The Ever-growing Importance of ESG: BlackRock and Audi
In today’s post, we shall
examine a concept that we have examined a number of times before here in Financial Regulation Matters, and that
is the concept of ESG, or more accurately the integration of ‘E’nvironmental, ‘S’ocial,
and ‘G’overnace concerns in relation to business. Today’s post focuses on two
stories in particular, and uses them as a vehicle for examining some merging
debates around this ever-growing sector.
We looked over the summer
at the story that Nissan
had admitted to falsifying some of its emissions-related data, which
naturally should lead us to think of the sector-defining Volkswagen scandal, a
scandal which will leave a massive mark on one of the industry’s powerhouses.
In line with those developments, Audi was fined
€800 million last Tuesday for similar transgressions, ranging from 2004 to 2018.
There are, of course, a number of issues and variables that are affecting the
auto industry at the moment, but for our discussion surrounding the concept of
ESG, it is clear to see that for an investor, ESG is important. We are seeing
that, due to environmentally concerned regulations, large corporate entities
are at risk and, as such, so are the investments of the institutional investors
who facilitate the movement of capital. Audi’s punishment, when combined with
the massive penalties felt by VW and the potential penalties that will be given
to Nissan, serves as a reminder to investors that they really ought to consider
ESG within their investing decisions. If we look to the business media, there
is a story today that suggests that this message has been received loud and
clear.
BlackRock, one of the world’s
leading investment vehicles, has decided that it needs to be at the forefront to
the ‘sustainable finance’ revolution. Speaking yesterday, Larry Fink – Chairman
and CEO of BlackRock – stated that his intent is for BlackRock to become a ‘global
leader’ in sustainable investing, and that ‘sustainable
investing will be a core component for how everyone invests in the future’.

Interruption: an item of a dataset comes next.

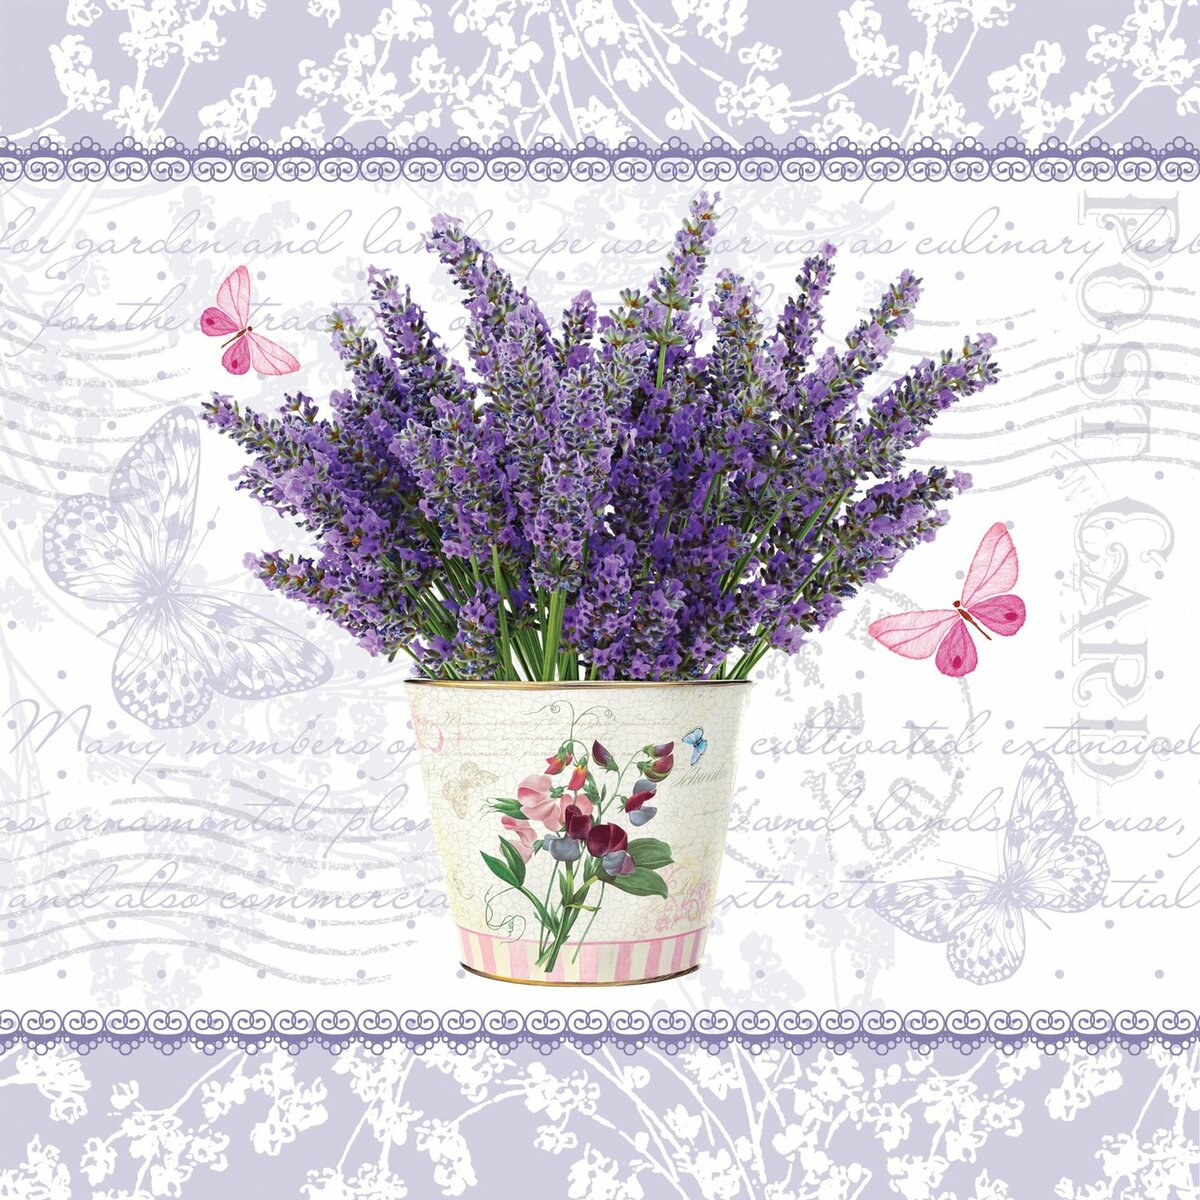 Картинки словом, открытка с днем рождения лаванда картинки

He continued by discussing his view that, for exchange-traded funds (ETFs),
those that incorporate ESG factors will grow from $25 billion to $400 billion
within a decade, which provides us with an insight as to the rate of
development that BlackRock foresee in this area. Interestingly, he also
discussed the changing mentality when it comes to sustainable investing
practices, noting that ‘we are
going to see evidence over the long term that sustainable investing is going to
be at least equivalent to core investments. I believe personally it will be
higher’. This is interesting as, based upon the discussions we have had
regarding the PRI initiatives, it very much appears that sustainable finance is
irreversibly heading towards the ‘mainstream’. There have been questions that
have been raised as to whether sustainable finance can maintain its ethos, and
ultimately its impact, if it becomes mainstream, but it is safe to say that it
will be considered mainstream very shortly; news recently that Barclays
are extending studies into the effect of ESG upon credit portfolio performance,
only enhances this suggestion. Furthermore, leading figures within JP Morgan
suggest that whilst there are some parameters left to develop, namely
that definitions need to be agreed upon, the development of ESG
incorporation into mainstream investment practices is seemingly irreversible.

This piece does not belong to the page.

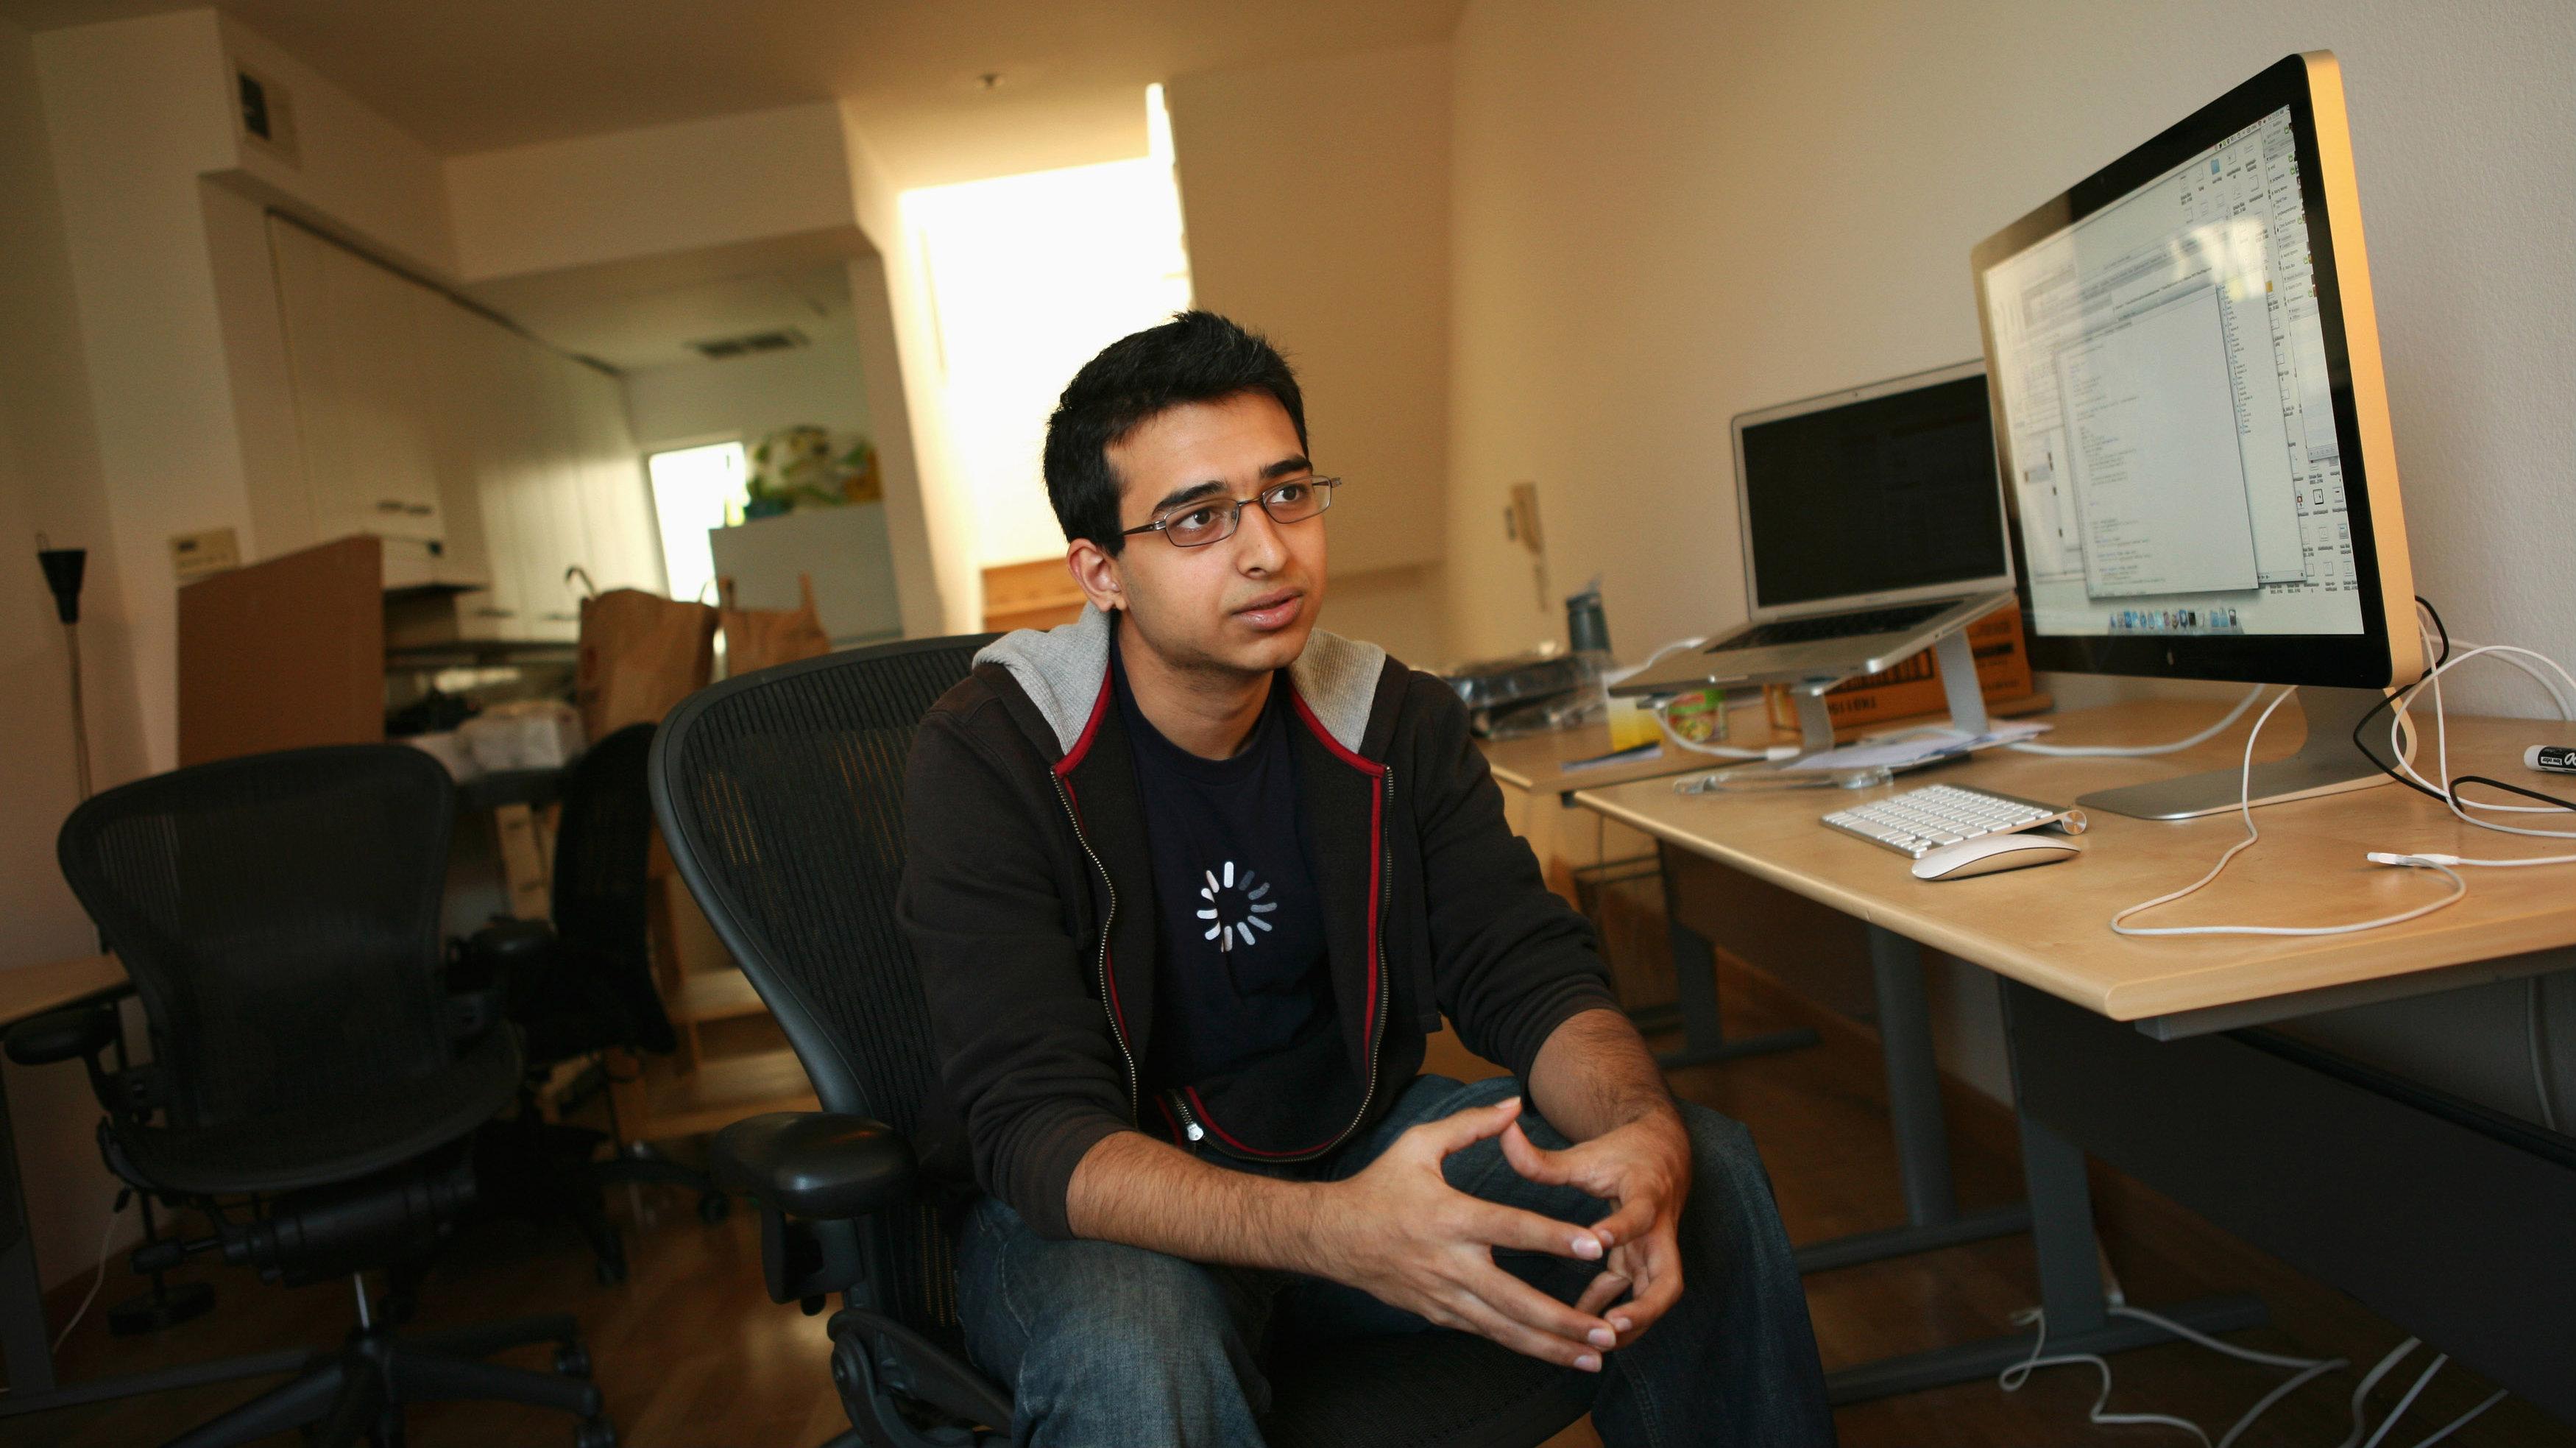 Sahil Lavingia CEO of Gumroad

Ultimately, the penalties received
by Audi and VW serve as clear indictors as to why the incorporation of ESG will become a mainstream investing
practice. For large investors, it is just too evident that ESG concerns,
particularly in relation to both environmentally-concerned regulations and also
the importance of ‘G’overnance within the modern corporation, will affect their investment in some
form, and at some point. Some investors, of course, will be lucky and avoid
having their investment affected by these issues, but for many investors that
risk will be far too high. The expected outlay in research and the necessary
quantification of ESG-related issues will move the incorporation of ESG
irreversibly into the mainstream and, if all parties submit to that approach
and the ideal of internalising a long-term vision, then the financial sector
will surely be better for it. It is, unfortunately, when entities do not internalise
that ideal that the sector, and society as a result of the interconnectedness
of the two spheres, that we are all put at risk.